For Milan, that was especially true of his routine for Biles, 27, who performs four high-difficulty lines on floor. “It means she has to be really comfortable,” he said. “It was open ‘Dancing with the Stars’ and I could tell he moved very well. But when she gets into gymnastics, she’s more reserved because she’s thinking about acrobatics.”
The two met for the first time in 2022, when Milan traveled to the World Champions Center, Biles’ gym, in Spring, Texas. His assignment was to create a floor routine for French gymnast Mélanie De Jesus Dos Santos, who moved to the United States to train with Biles’ French coaches Cecile and Laurent Landi.
“Simone saw what I was doing and she liked it,” Milan said. When he returned last winter to create another routine for De Jesus Dos Santos, Biles also asked to work with him. She created her Olympic routine in just six days.
For the 90-second workout, which features music from Taylor Swift and Beyoncé, she was inspired by the choreographer Alvin Ailey. “I wanted to give her spare, mature, commanding choreography, because she’s not a little girl anymore. She’s the boss, a black woman who does so much for her country and she shouldn’t be afraid to show it.”
Biles was an active contributor. “She’s so humble and normal, but she knows what she wants,” Milan said. “When he says no, he means no.” The routine, which she performed twice at the US Olympic team trials in Minneapolis in June, helped Biles punch her ticket to the Paris Games.
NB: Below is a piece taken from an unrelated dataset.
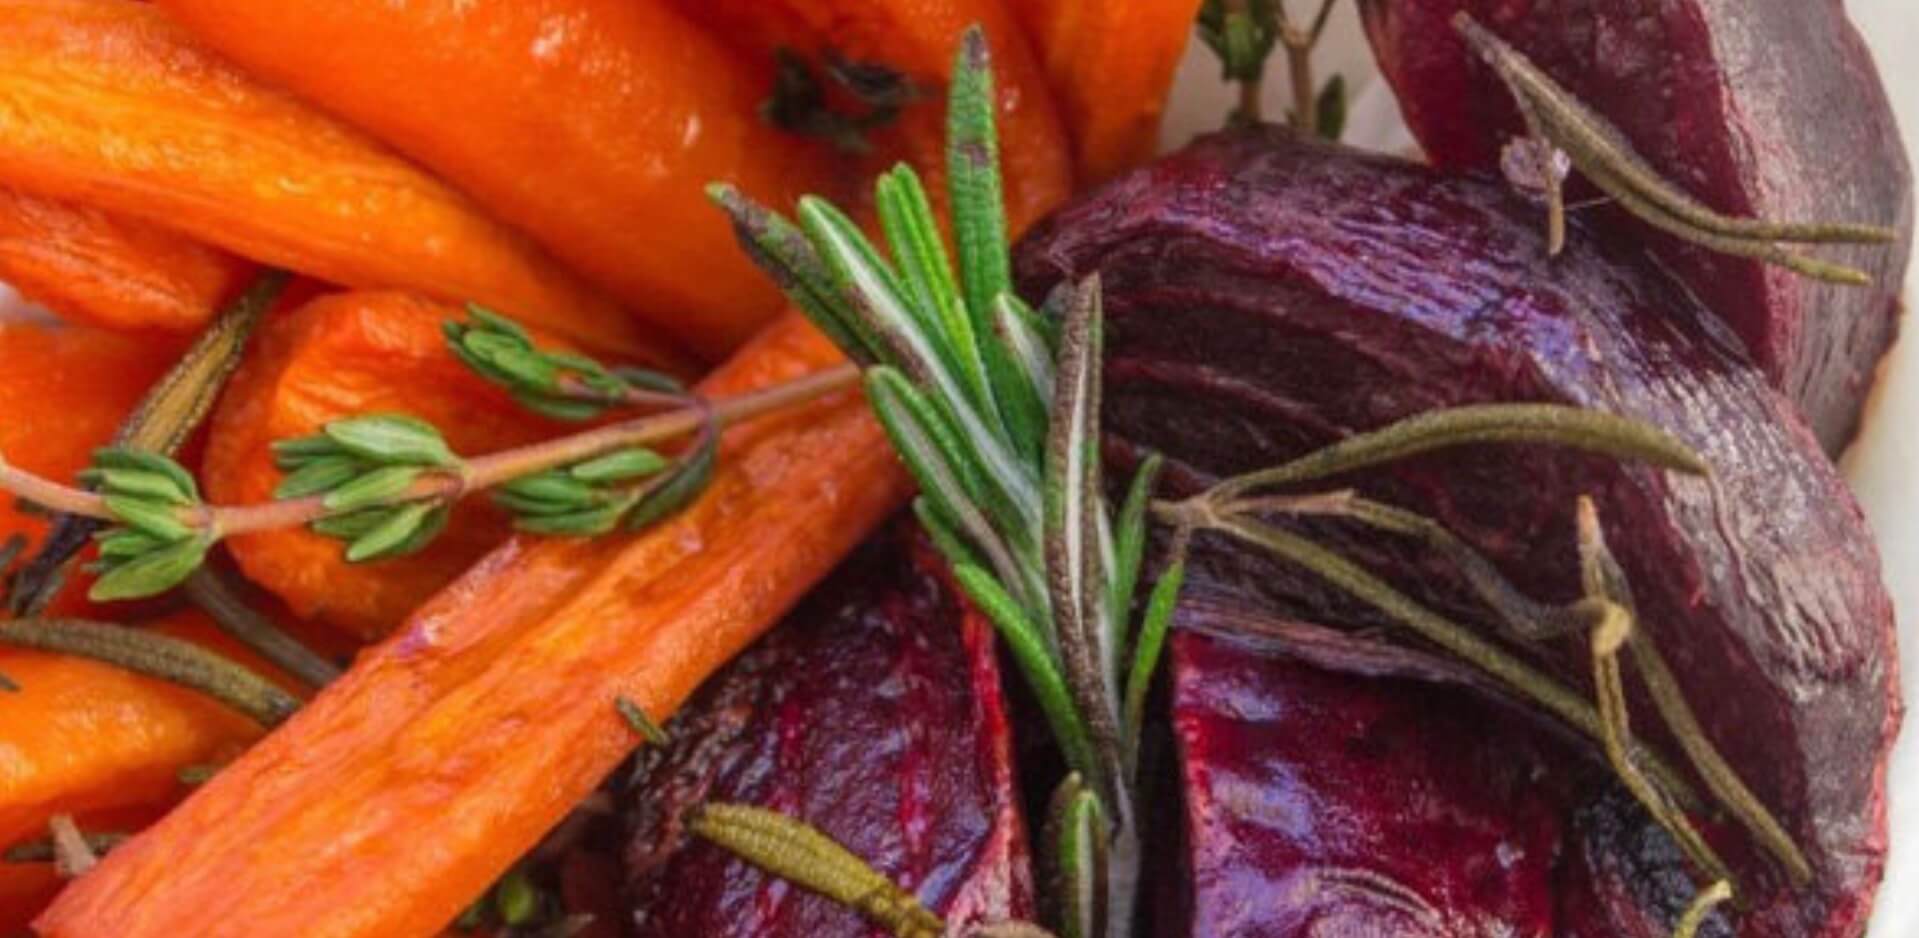 Roasted carrots and beets

While Biles’ floor routine will bring him a lot of exposure, Milan said that when he started working with gymnasts in the early 2010s, choreographers were “not paid attention to.” A coach from his hometown of Saint-Étienne, a town just west of the Alps, had asked him to come help out at the local national training center. Milan quickly realized that “you’re basically nothing in this world when you come from dance,” he said. “When gymnasts go to dance class, the feeling is that it’s time to relax.”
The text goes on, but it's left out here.